Perm alone they shot thirty-six captives to avenge Lenin and Uritsky. Thus the terrorists were requited to their faces. Less than twenty-four hours later, the Red Terror was born. The birth announcement went hissing across telegraph lines like the letter Shin, whose three vertical arms culminate in poppy-heads of flame. Meanwhile the press kept calling for more blood, more blood. In the ever timely words of Comrade N. V. Krylenko (whose own destiny would be death by shooting): We must execute not only the guilty. Execution of the innocent will impress the masses even more.
But unlike the assassin herself, whose sweat had reeked of anger and fear, Krupskaya could not believe that a fellow revolutionary ought to be put to death.
The Central Committee will have to decide, her husband said. He knew that Fanya Kaplan’s corpse had already been burned, and the ashes buried in an unmarked grave.

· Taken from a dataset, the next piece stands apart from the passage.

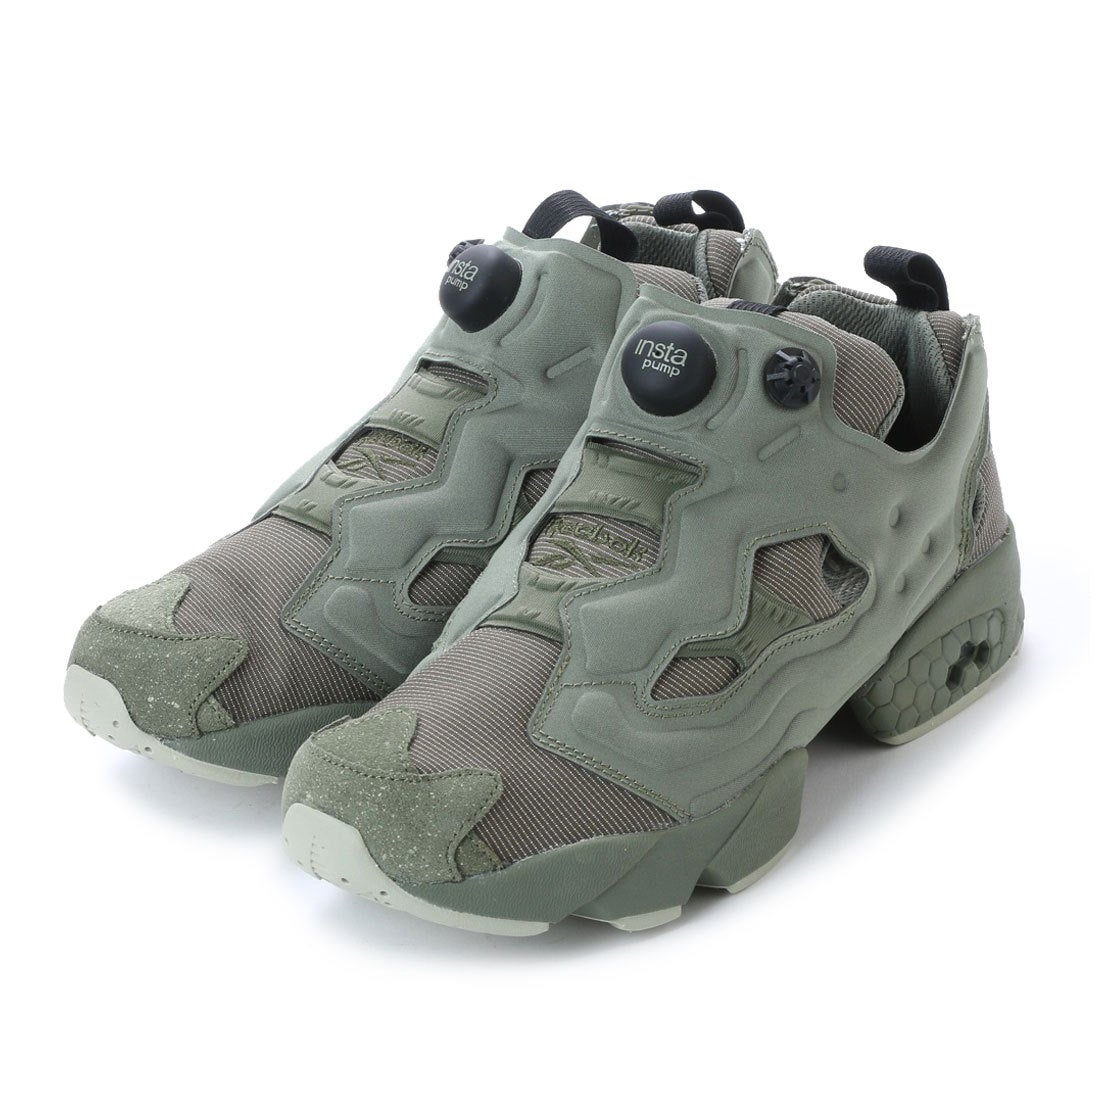 4e2e13d41e68e リーボック REEBOK インスタ ポンプ フューリー MTP (ハンターグリーン×グレー×ティール) -靴&ファッション通販  ロコンド〜自宅で試着、気軽に返品
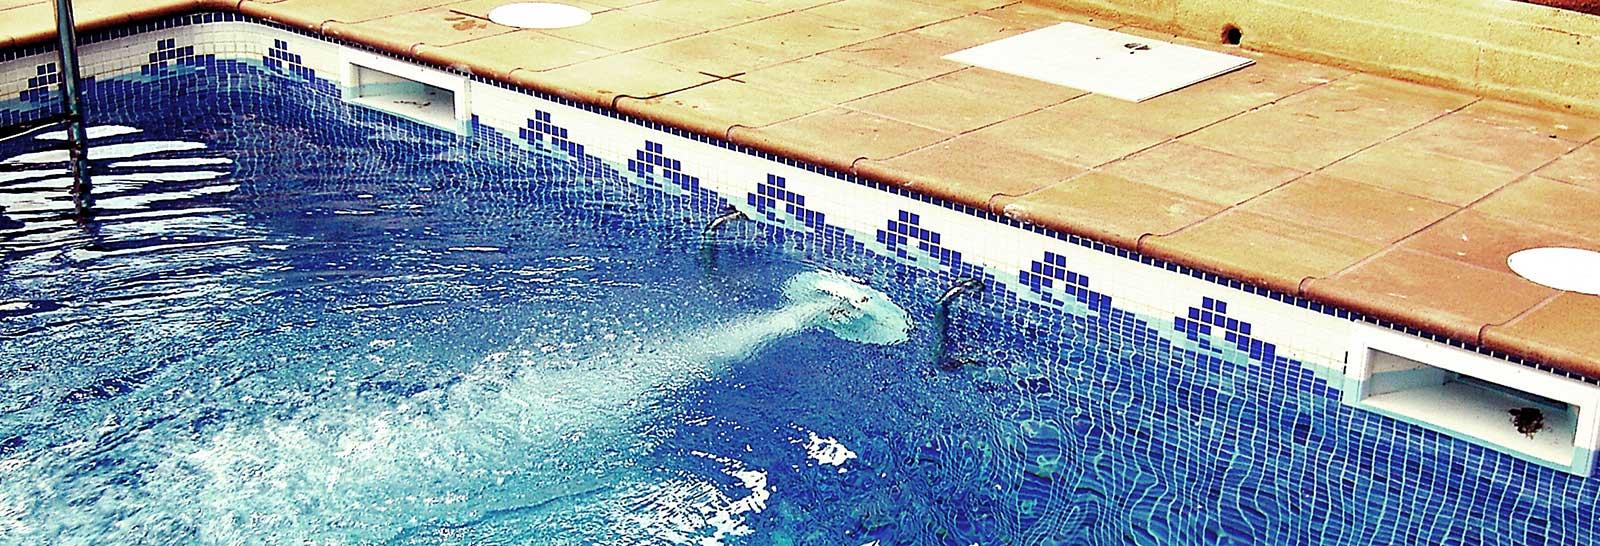 aguaviva-piscinas-sli-06

Volodya, don’t think I’m a conciliationist. During all these thirty years my attitude has not changed.
I shall consider it.
I’m so sorry to disturb you about this. I’ve only taken her case to heart because—
Slowly raising his bald crown from the outspread Pravda (upside down to her) which it was his habit to grip in both of his hands, he gazed at her across the neutral zone of his desk, guarded from her by his two inkwells, whose brass caps shone like the domes of Orthodox churches, by his lamp and telephone, by his long narrow scissors whose point faced her, and his eyes were very sorrowful as he said: Where’s Makarov’s dictionary? I think I’ll study it. The alphabetical arrangement of words creates such a refreshing sort of chaos. Ah—look here. In a row we find sleepy, never-drying, truancy, obscurity, bliss, then inharmoniousness. What unlike ideas! And all because they begin with the letters HE. In English or in Hebrew, for instance, I fancy they’d be arranged quite differently. And what if there’s some perfect ordering that’s never been thought of before? But my opinions on linguistics are not important . . .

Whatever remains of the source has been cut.